The human vasohibin-1 gene was amplified from the cDNA of ES-2 cells, and was subcloned into pcDNA3.1/Zeo plasmid vector (Life Technologies). The cell lines stably expressing V5-tagged vasohibin-1 were established by transfecting the vectors into ES-2 cells using Lipofectamine LTX (Life Technologies) followed by Zeocin (Life Technologies) selection. The cells transfected with pcDNA3.1/Zeo were designated ES-2-empty.

Western blot analysis

For detection of the protein level, cells were lysed with lysis buffer (50 mM Tris—HCl, pH 7.5, 150 mM NaCl, 0.1% (w/v) SDS, 1% (v/v) Triton X-100, 1% (w/v) sodium deoxycholate, proteinase inhibitor (Sigma-Aldrich Co., St Louis, MO), and PhosSTOP (Roche Applied Sciences, Indianapolis, IN)) and centrifuged at 14,000×g for 10 min. The protein concentration of the supernatants was determined. Aliquots of the cell lysates with 6×sample buffer (350 mM Tris-HCl, pH 6.8, 30% glycerol, 0.012% bromophenol blue, 6% SDS, and 30% 2-mercaptoethanol) were subsequently boiled for 3 min and electrophoresed on SDS-polyacrylamide gels. Proteins were transferred to PVDF membranes and immunoblotted with anti-V5 (Gene Tex Inc., Irvine, CA), anti-β-actin (Santa Cruz Biotechnology, Inc., Santa Cruz, CA), anti-phospho-Akt (Ser473) and anti-Akt (Cell Signaling Technology, Danvers, MA) antibodies. Detection was performed with enhanced chemiluminescent reagent (Merck KGaA, Darmstadt, Germany).

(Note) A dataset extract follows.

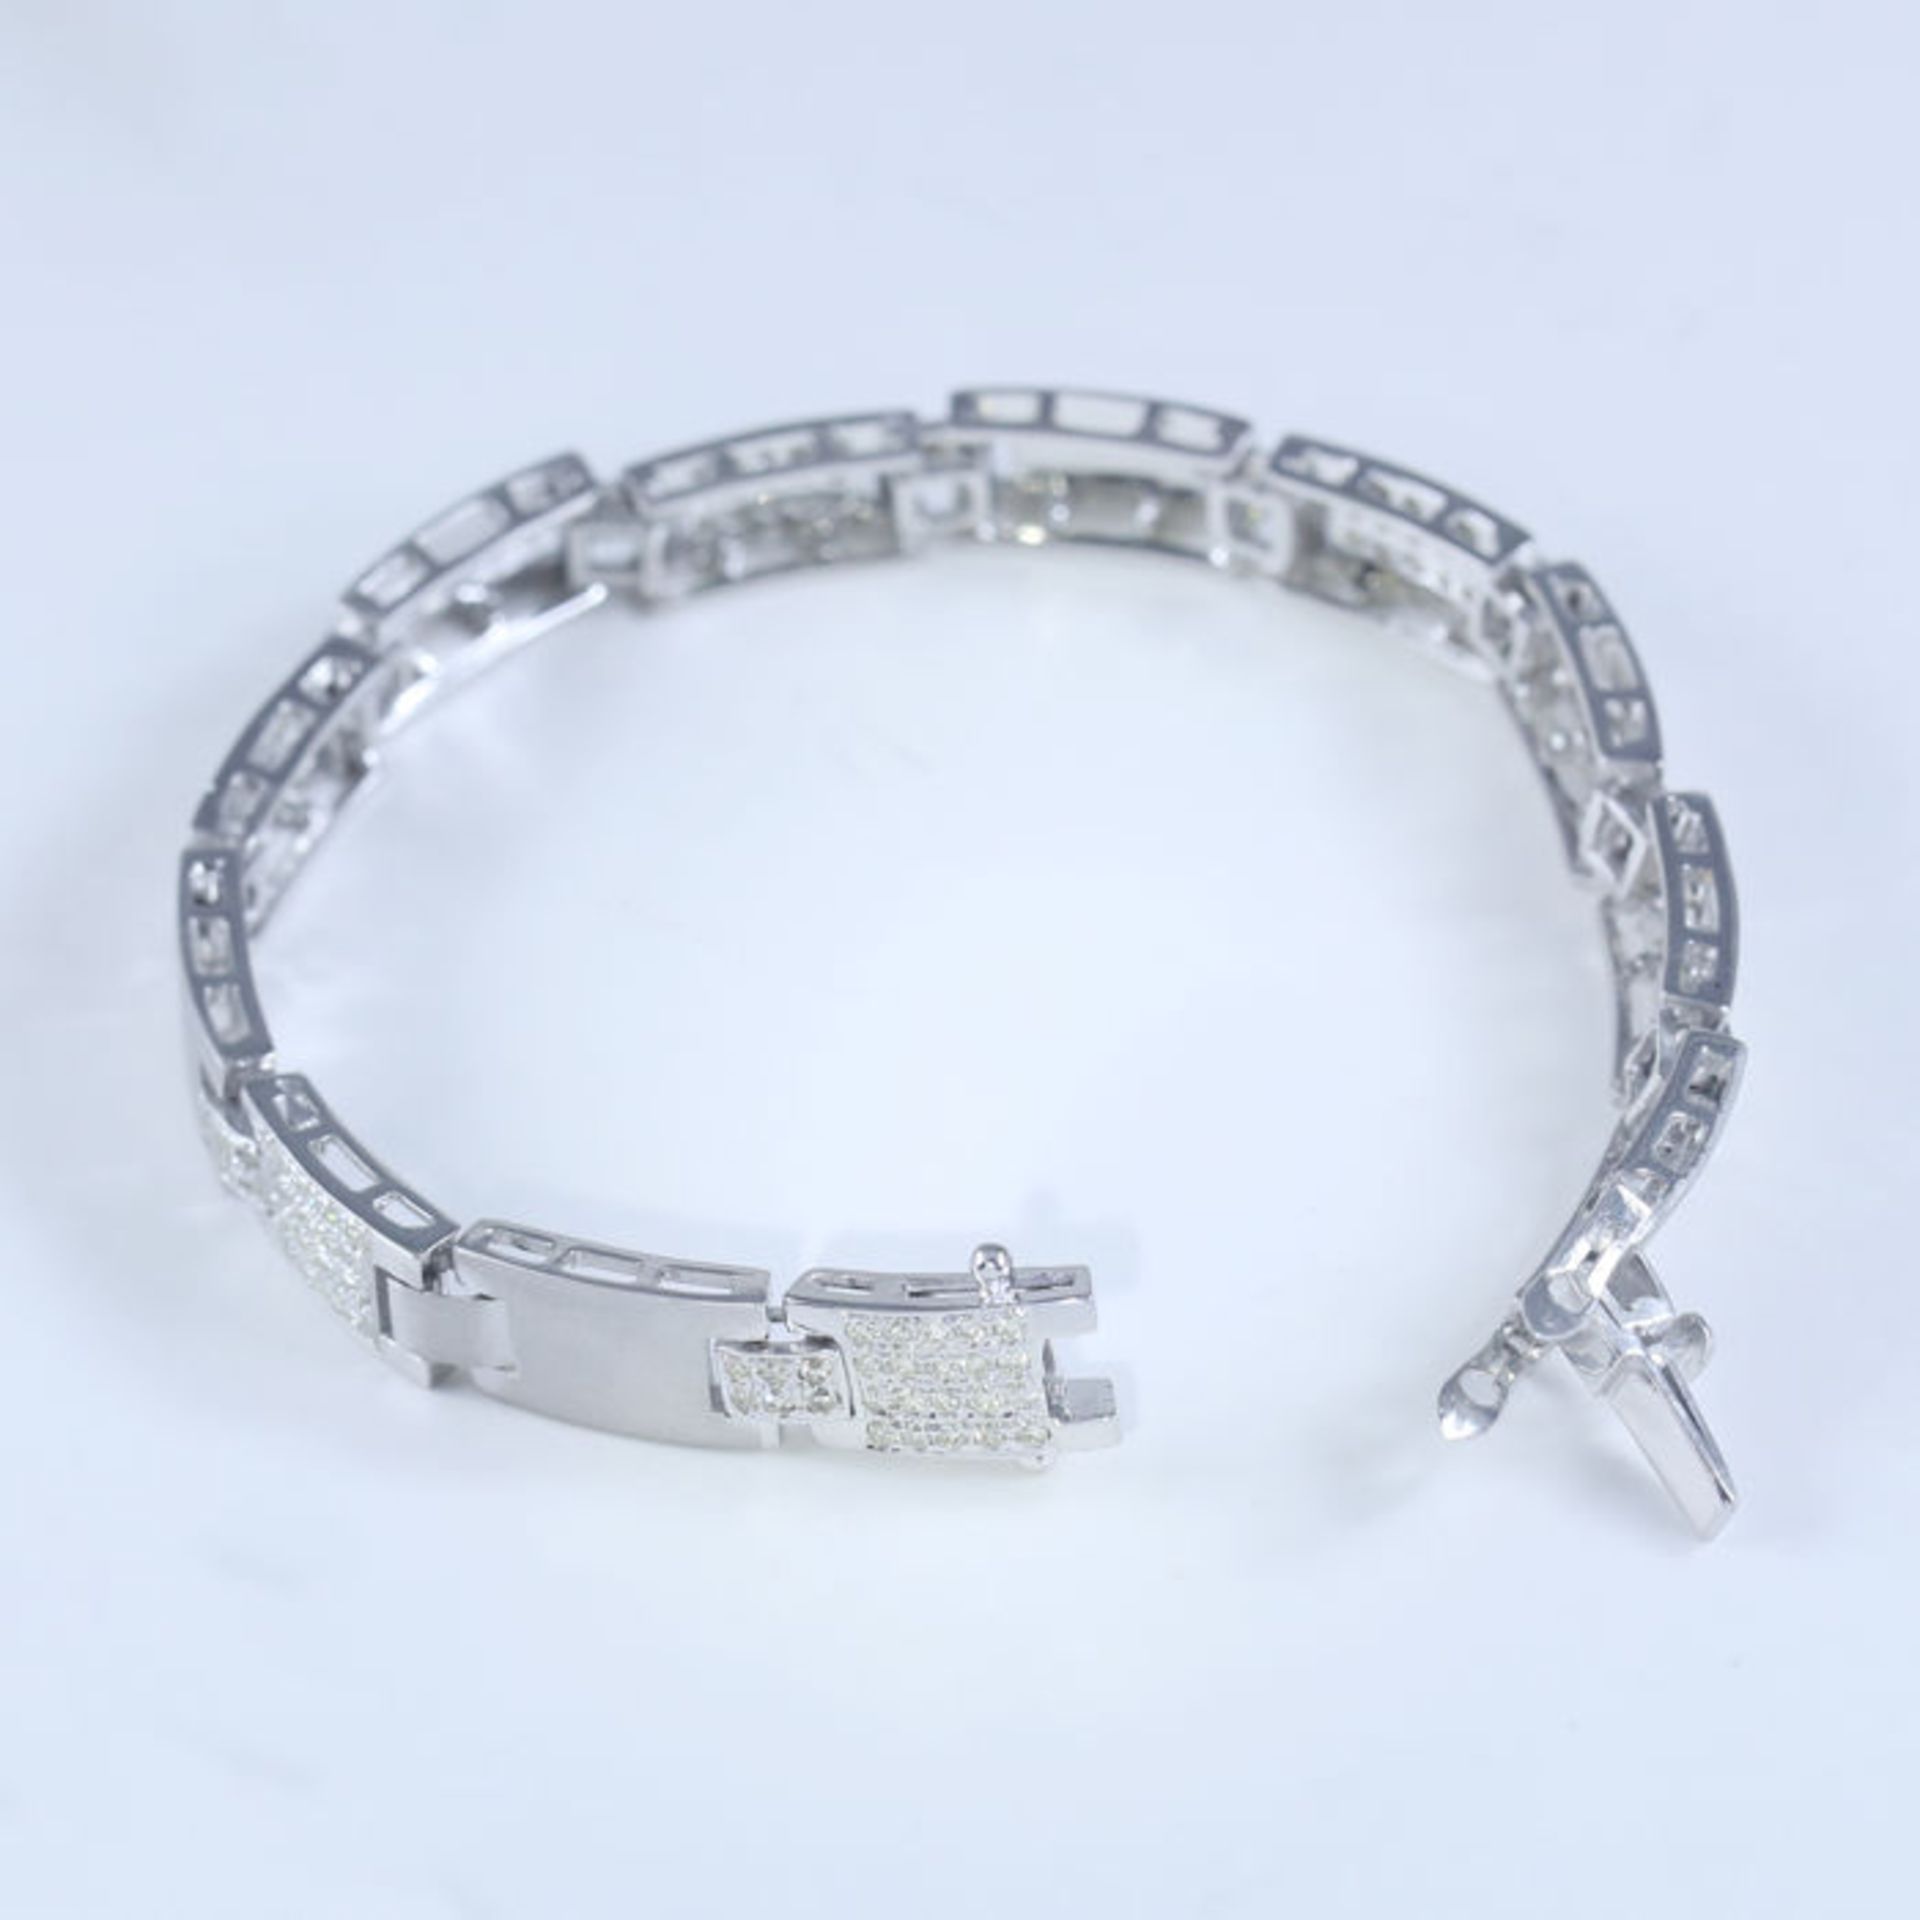 14 K / 585 White Gold Men's Diamond Bracelet - Image 4 of 7

Knockdown of IGF-1 by siRNA

siIGF-1 (sc-37193) and small interfering RNA-A as control (sc-37007) were purchased from Santa Cruz Biotechnology Inc. Transfection of cells with siRNAs was carried out using the Lipofectamine RNAiMax transfection reagent (Life technologies) according to the manufacturer's instruction. The efficiency of transfection was determined by mRNA expression.

Soft agar colony formation

A soft agar colony formation assay was employed according to the manufacturer’s instructions using CytoSelect 96-well Cell Transformation Assay kit (Cell Biolabs, San Diego, CA). Each well contained 50 μl of 0.6% agar in a complete medium as the bottom and feeder layer, and 75μl of 0.4% agar in a complete medium with 1× 104 cells as the top layer. After 6 days colonies were lysed with lysis buffer and detected with CyQuant GR dye for the quantification of anchorage-independent growth and the fluorescence was measured with a fluorometer using the 485/520 filter set SpectraMax M5 (Molecular Devices, Sunnyvale, CA).

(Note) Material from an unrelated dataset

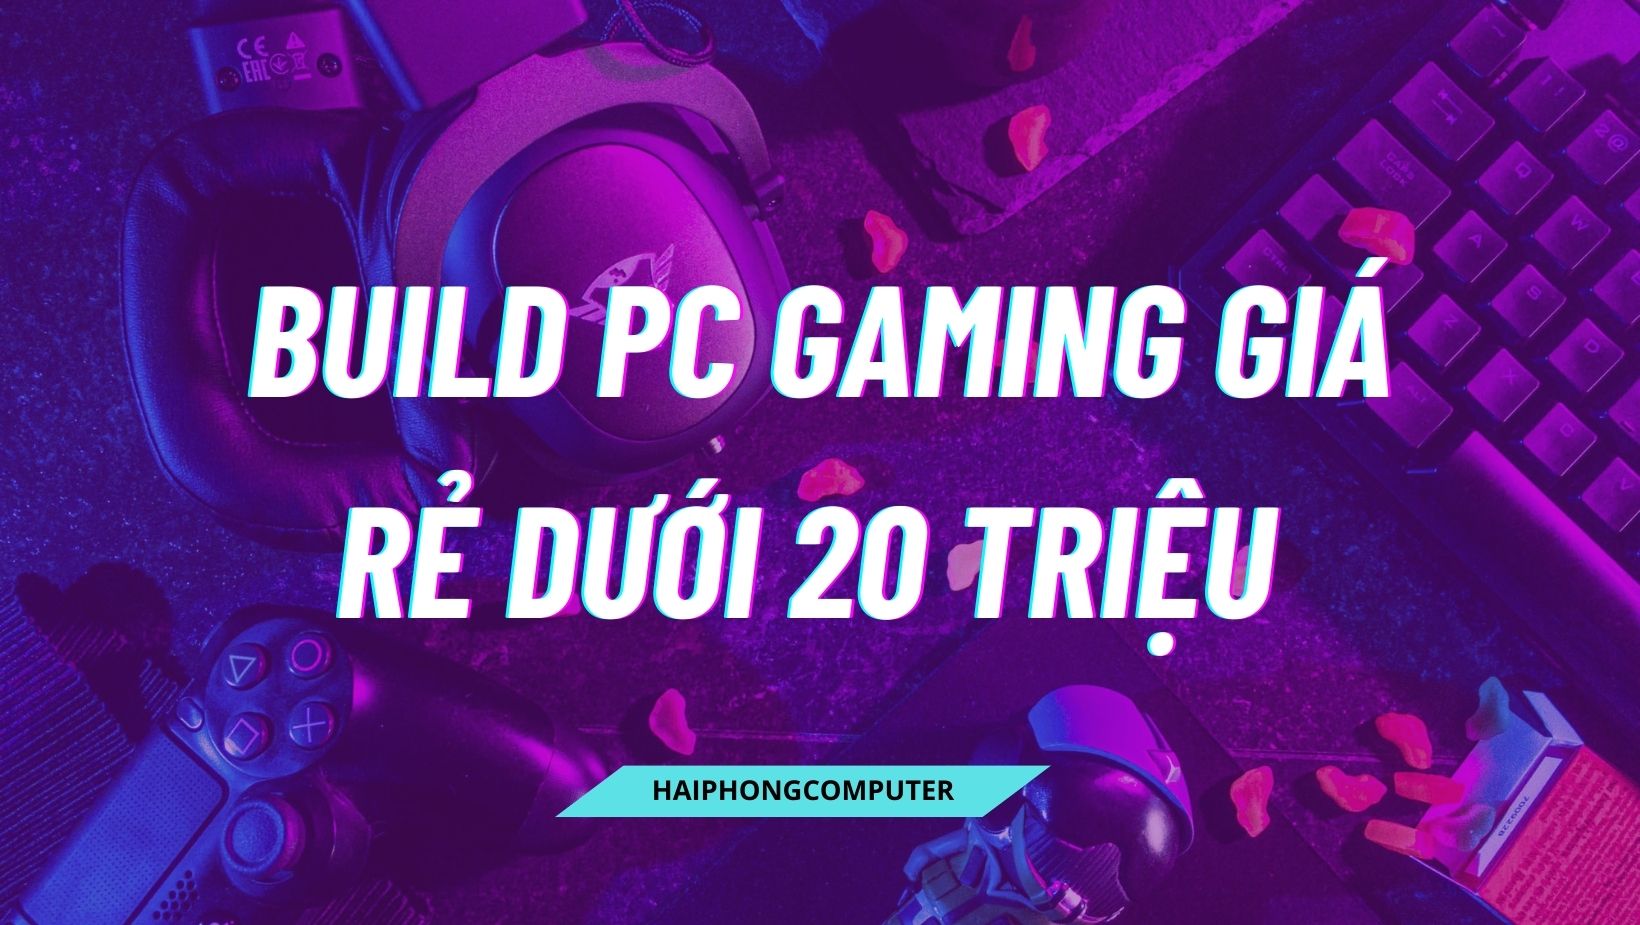 Hướng Dẫn Build PC Gaming Giá Rẻ Dưới 20 Triệu

Capillary tube formation assay

An in vitro angiogenesis assay kit was employed according to the manufacturer’s instructions (Merck KGaA). HUVEC (2 × 104 cells/well) were seeded onto the surface of 48-well cell culture plates pre-coated with polymerized ECMatrix and then incubated at 37°C for 4 h. The tube formation was observed under a phase-contrast microscope. The total tube length in four random view-fields per well was measured by Image J software and average value was calculated.

Results

Inhibition of cellular migration and invasion by migracin A

Migracin A (Fig 1A) showed no prominent toxicity below 30 μg/ml, as shown in Fig 1B. It inhibited migration of ES-2 cells at 1–3 μg/ml employing the wound healing assay in 24 h (Fig 1C). It also inhibited invasion of the cells at 0.03–0.3 μg/ml in Matrigel chamber assay in 24 h (Fig 1D). Migracin A inhibited the invasion at about a 10 times lower concentration than with the migration, which is likely due to the much lower number of cells in the Matrigel analysis. Thus, migracin A was found to inhibit both migration and invasion of ES-2 cells without toxicity.

Involvement of vasohibin-1 in inhibition of cellular migration

We employed a protein array for angiogenesis to study the mechanism of inhibition. ES-2 cells were treated with migracin A for 24 h, and protein expression was measured. Protein expression changed for some but not many, as shown in Table 1. Among these, we looked at vasohibin for further study, since its expression increased by about 3 times. Vasohibin is classified into -1 and -2, the former is inhibitory to angiogenesis and the latter promotional [68]. We confirmed that migracin A enhanced the vasohibin-1 mRNA expression, while not changing the vasohibin-2 expression (Fig 2A). We then prepared vasohibin-1-overexpressing ES-2 cells (Fig 2B), and the overexpression of vasohibin-1 was found to inhibit the migration (Fig 2C). However, cellular invasion was not changed by the vasohibin-1 overexpression (Fig 2D). Thus, up-regulation of vasohibin-1 is likely to be involved in the inhibition of migration.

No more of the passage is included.